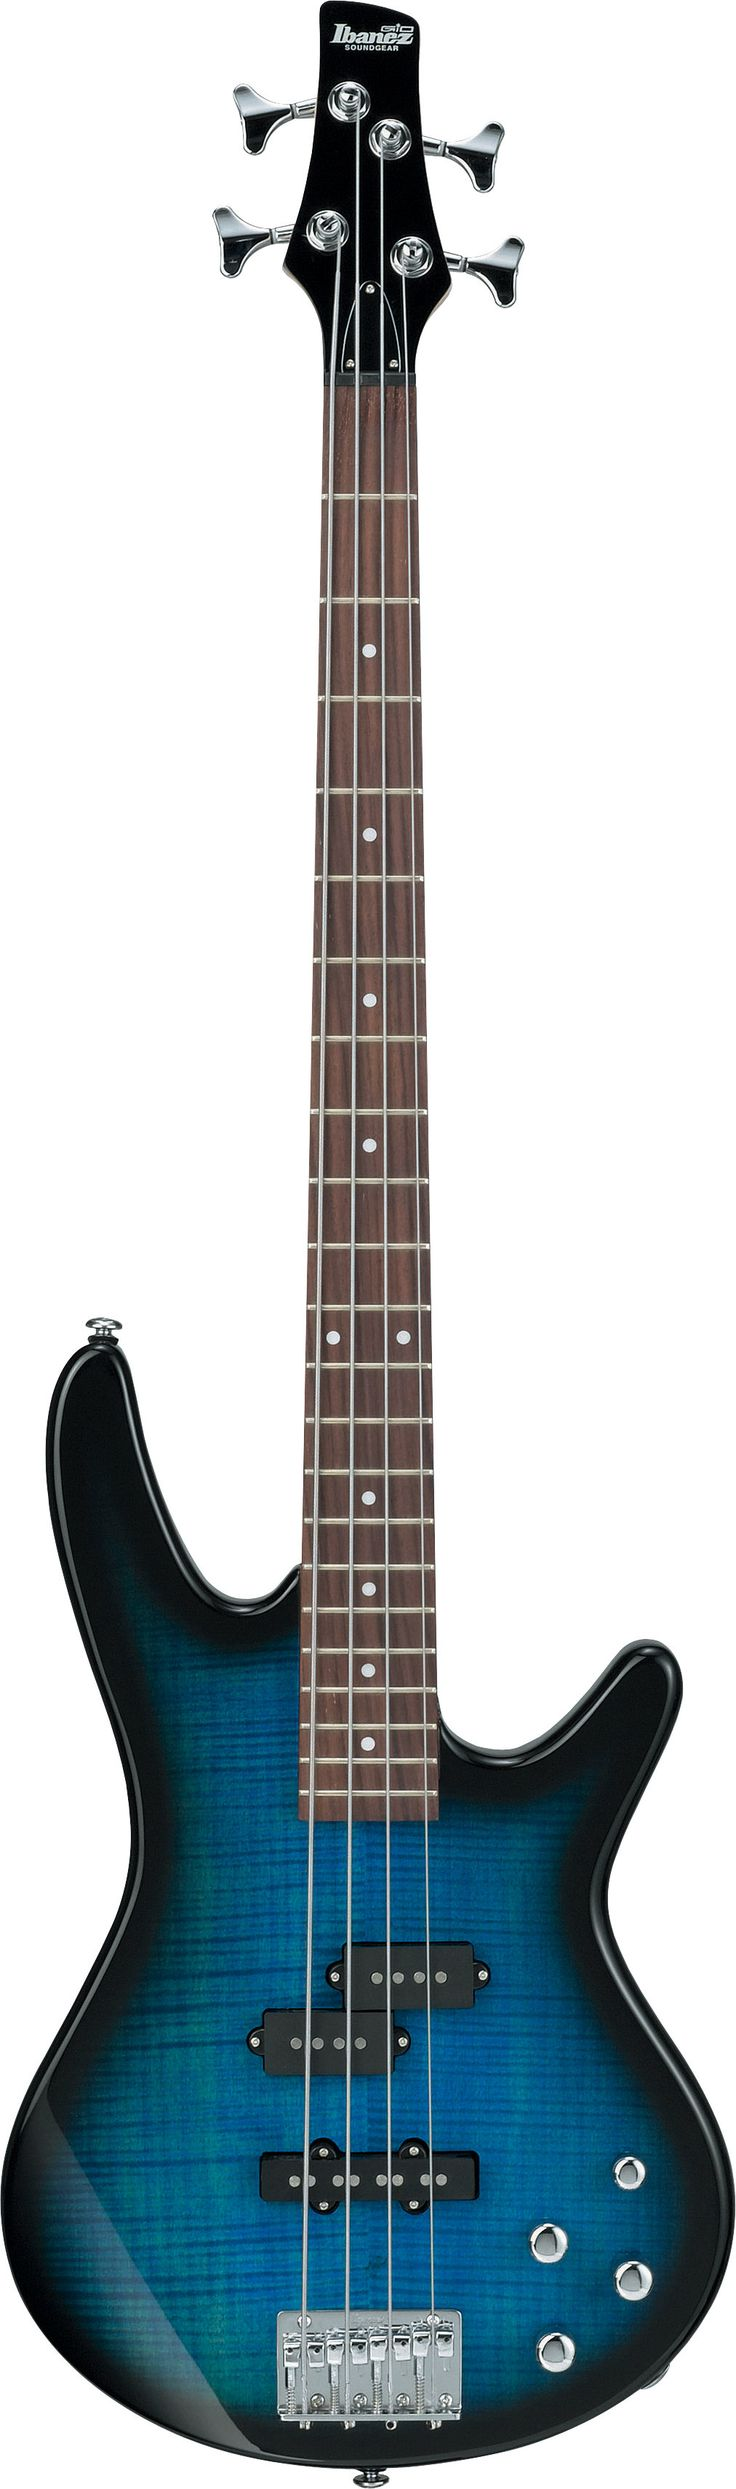 Transparent Blue Burst Ibanez GSR200FM Electric Bass    Again: Pretty.
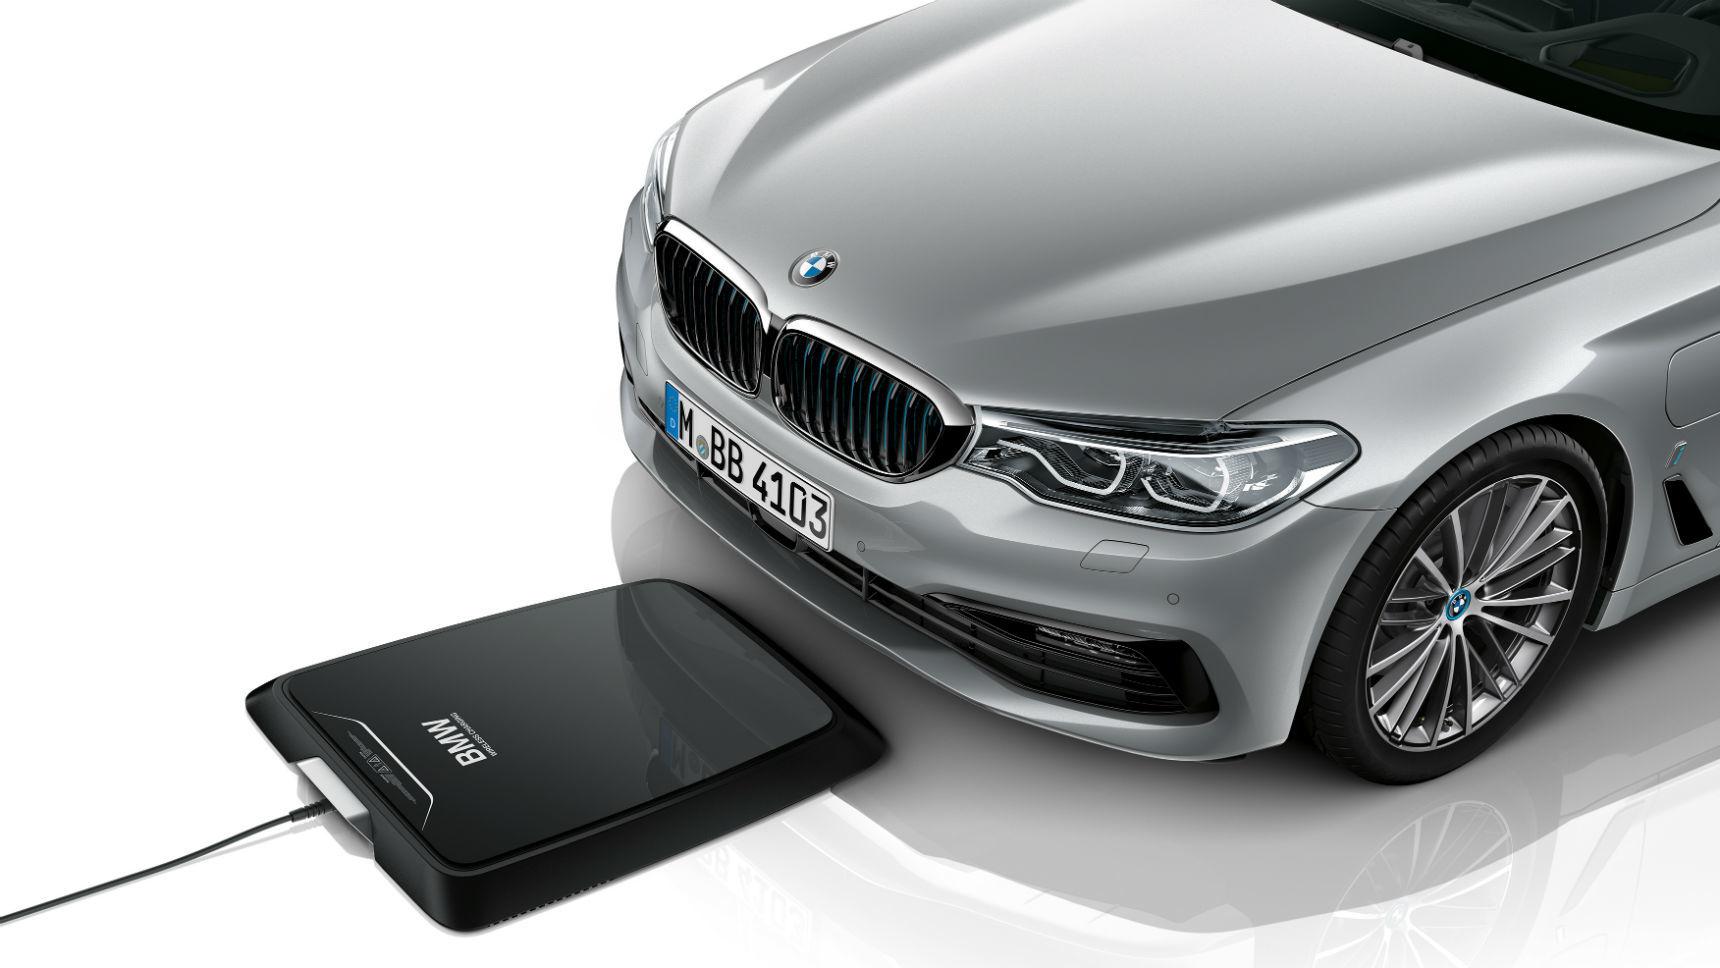 Электрокары BMW получат беспроводную зарядку
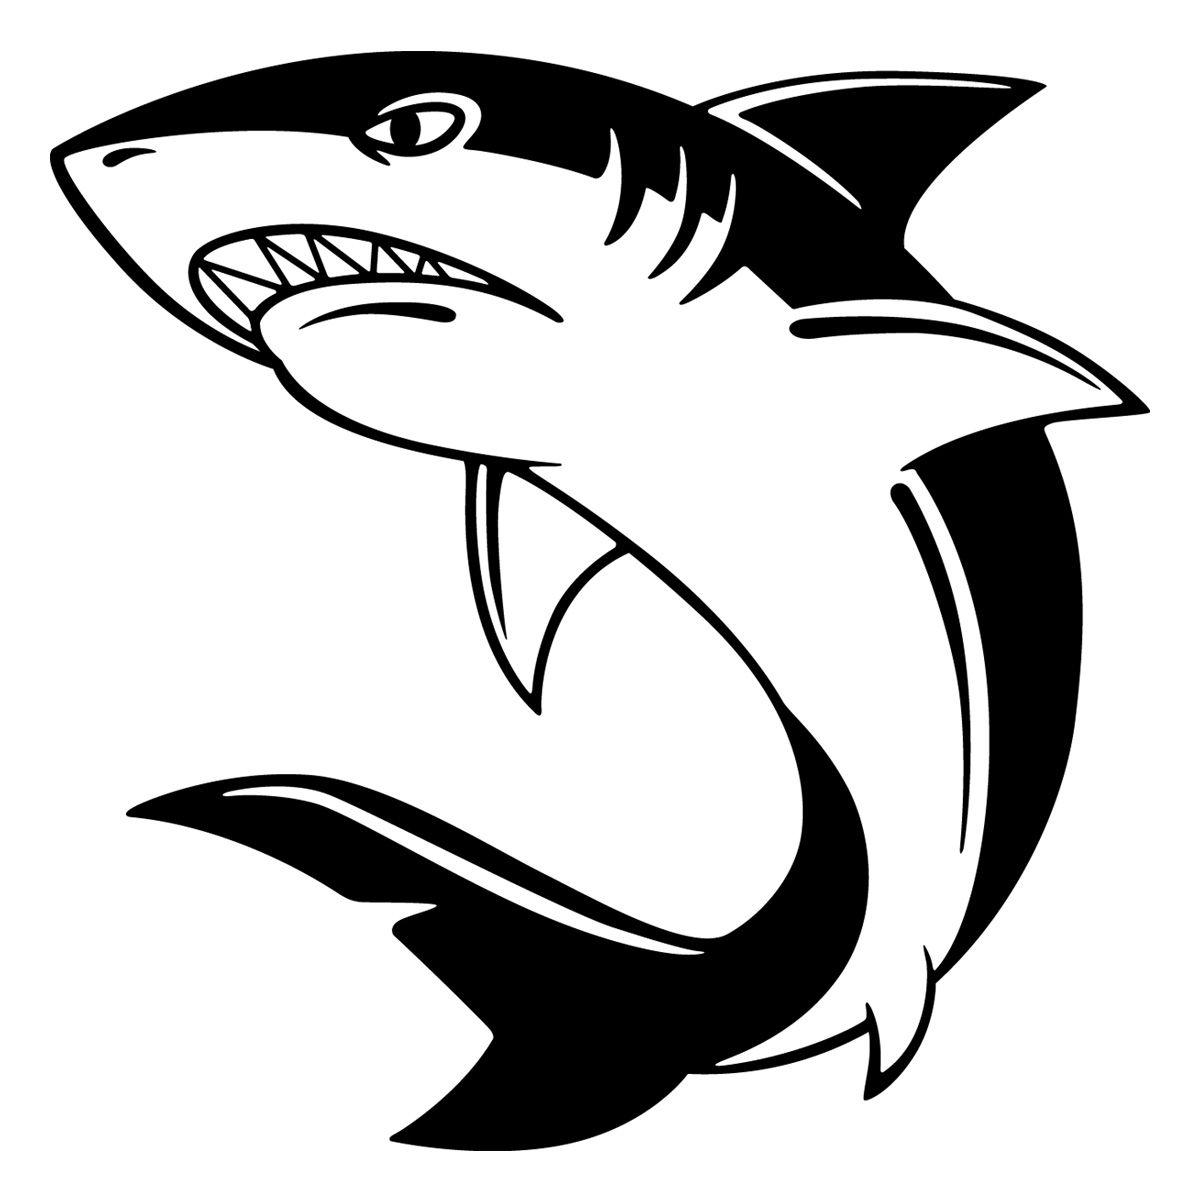 Shark Black And White Drawing Ourimgs Com The Hippest Galleries Shark Drawing Shark Art Tribal Shark

## YOUR INSTRUCTIONS:
Counting the line with "Электрокары BMW получат беспроводную зарядку" and the last line of the data above, transcribe those two lines and every line between them exactly, without the pictures.

## WRITTEN ANSWER:
 Электрокары BMW получат беспроводную зарядку
 Shark Black And White Drawing Ourimgs Com The Hippest Galleries Shark Drawing Shark Art Tribal Shark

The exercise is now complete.